Multiple political student groups’ panels were vandalized in the days following the Washington Avenue Bridge mural-painting event, and police were called to the bridge Thursday afternoon when two students got in a heated argument over the College Republicans’ panels.

The incidents – which took place between Thursday and Saturday afternoon – come after last year’s divisive Paint the Bridge event, where the College Republicans’ “Build the Wall” panel prompted protests involving over 100 students.

Panels Targeted

Panels painted by the College Republicans, Turning Point USA, the Minnesota Republic and the Minnesota Bipartisan Issues Group were vandalized between Friday and Saturday afternoon. College Republican’s panel mural depicted the slogans, “least popular minority on campus,” and, “still not tired of winning.”
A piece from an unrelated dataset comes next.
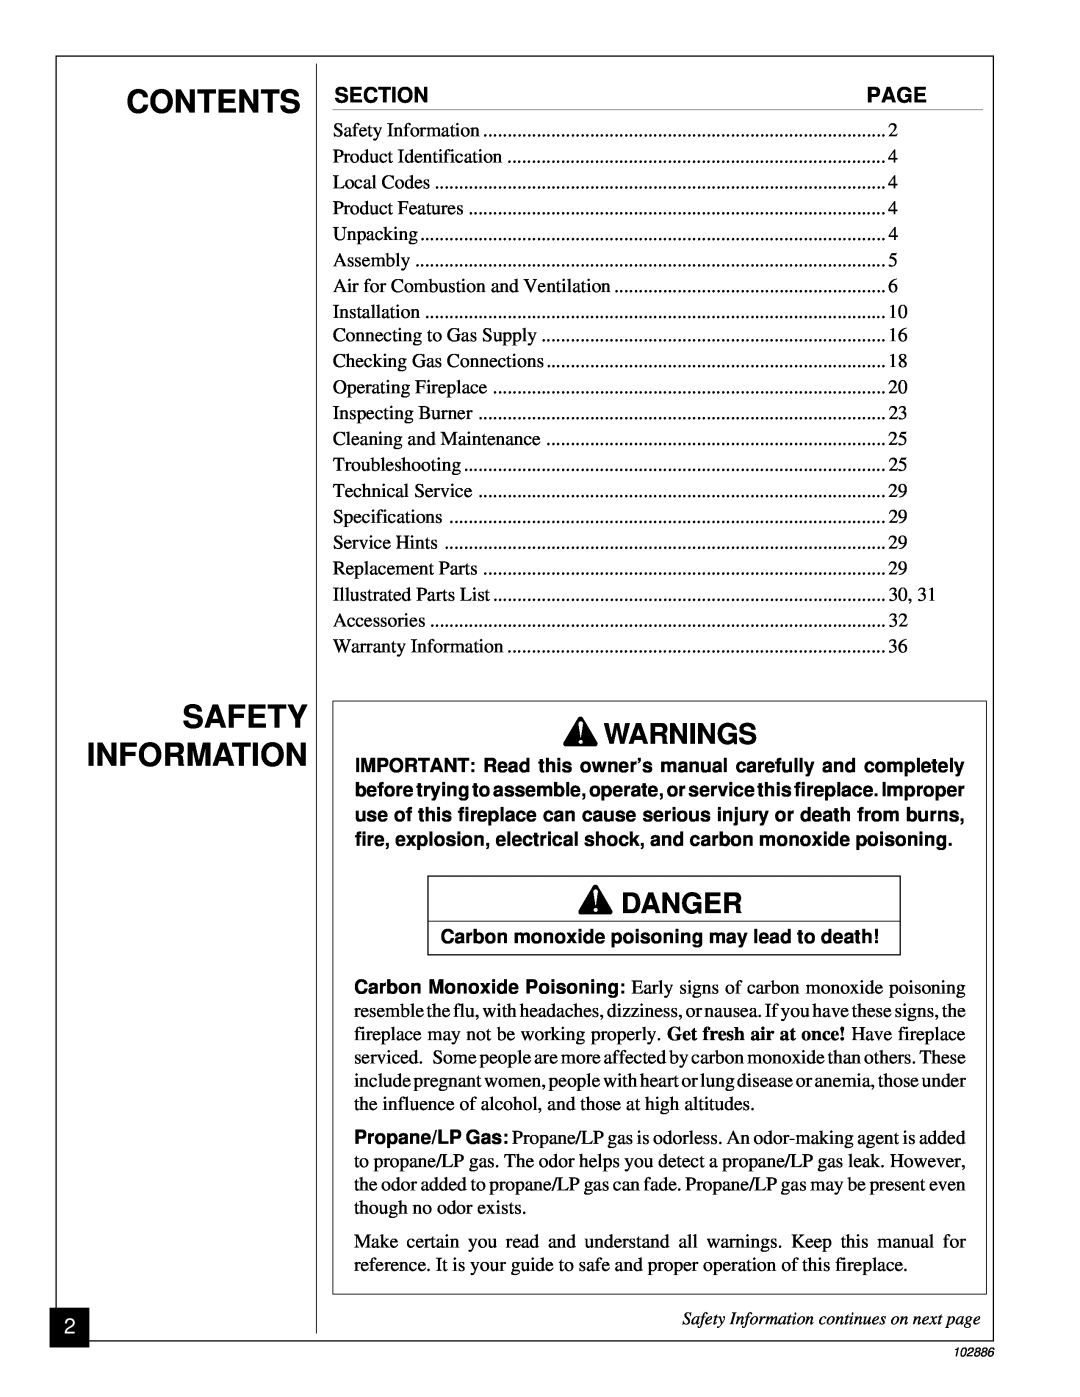 Vanguard Heating VMH26TPB installation manual Contents Safety Information, Danger

The College Republicans’ and Turning Point USA’s panels were painted in white, along with phrases like, “can’t paint over hate,” and, “racists not welcome.”

“A” symbols, like those associated with the anarchist movement, were painted on the College Republicans’ and Minnesota Bipartisan Interest Group’s panels. 

The vandalism had been painted over by Sunday afternoon.

The vandalism is an issue of extremism, not partisanship, said Miguel Anselmo, vice president of Turning Point USA — a group that advocates for limited government, according to its website.

“I think this is a good opportunity for Democrats, Republicans, liberals, conservatives, to come together and really try to fight against this extremism,” Anselmo said.

Sym Clough, president of Minnesota Bipartisan Issues Group, said she doesn’t know why they were targeted, but they weren’t hit as hard as some since only the “A” symbol was spray-painted on the group’s panel.

“We try to create a dialogue, we’re giving people a chance to speak and say their opinion. They could be upset about that,” Clough said, speculating about why somebody might have defaced the group’s panel.

The Minnesota Bipartisan Issues Group will talk about the vandalism at its meeting Thursday, she said.

“We’ve debated a lot if there is a point where free speech turns into hate speech,” Clough said. “But I think vandalizing something is not necessarily the best way of getting your opinion out there.”

Representatives from Student Unions and Activities, the University of Minnesota Police Department, the Minnesota Republic and College Republicans did not respond to requests for comment Saturday.

Vandalism and free speech disputes 

UMPD responded to a heated argument between two University students over the College Republicans’ panel in a separate incident Thursday afternoon.

Senior Imogen Page said she approached the College Republicans’ panels Thursday afternoon to tape signs reading, “resist white supremacy,” and, “fight fascism,” among others, over them.

The mural displayed a train with the words “Trump Pence 2020,” along with the phrases, “still not tired of winning,” and, “least popular minority on campus.”

College Republicans member Ethan Bunn said he saw Page trying to tape signs on the panels and intervened.

Page said Bunn assaulted her, grabbing her arm and taking her papers and marker. 

Bunn said he asked her to leave, kicked her papers and threw her marker, but didn’t assault or touch her. 

University police were called to the bridge after the altercation, UMPD Lieutenant Chuck Miner told the Minnesota Daily Friday afternoon.

Page later posted two videos to Facebook showing her and Bunn arguing, in which he calls her a fascist and she accuses him of assaulting her. The videos have since been removed.

University police also responded to a different incident related to the College Republicans’ panels on the Washington Avenue Bridge Thursday night, Miner said, adding that both incidents were under investigation. More details from UMPD should be available in coming days, he said.

Last year, the College Republicans’ “Build the Wall” panel and ensuing demonstrations launched a contentious debate over what constitutes protected speech on the University campus. Many students called the mural’s message offensive or even hateful, and others maintained students’ rights to voice their opinions.

University President Eric Kaler called for those who disagreed with the message to “engage in more protected speech” at the time, drawing criticism from many who were angry he didn’t denounce the message.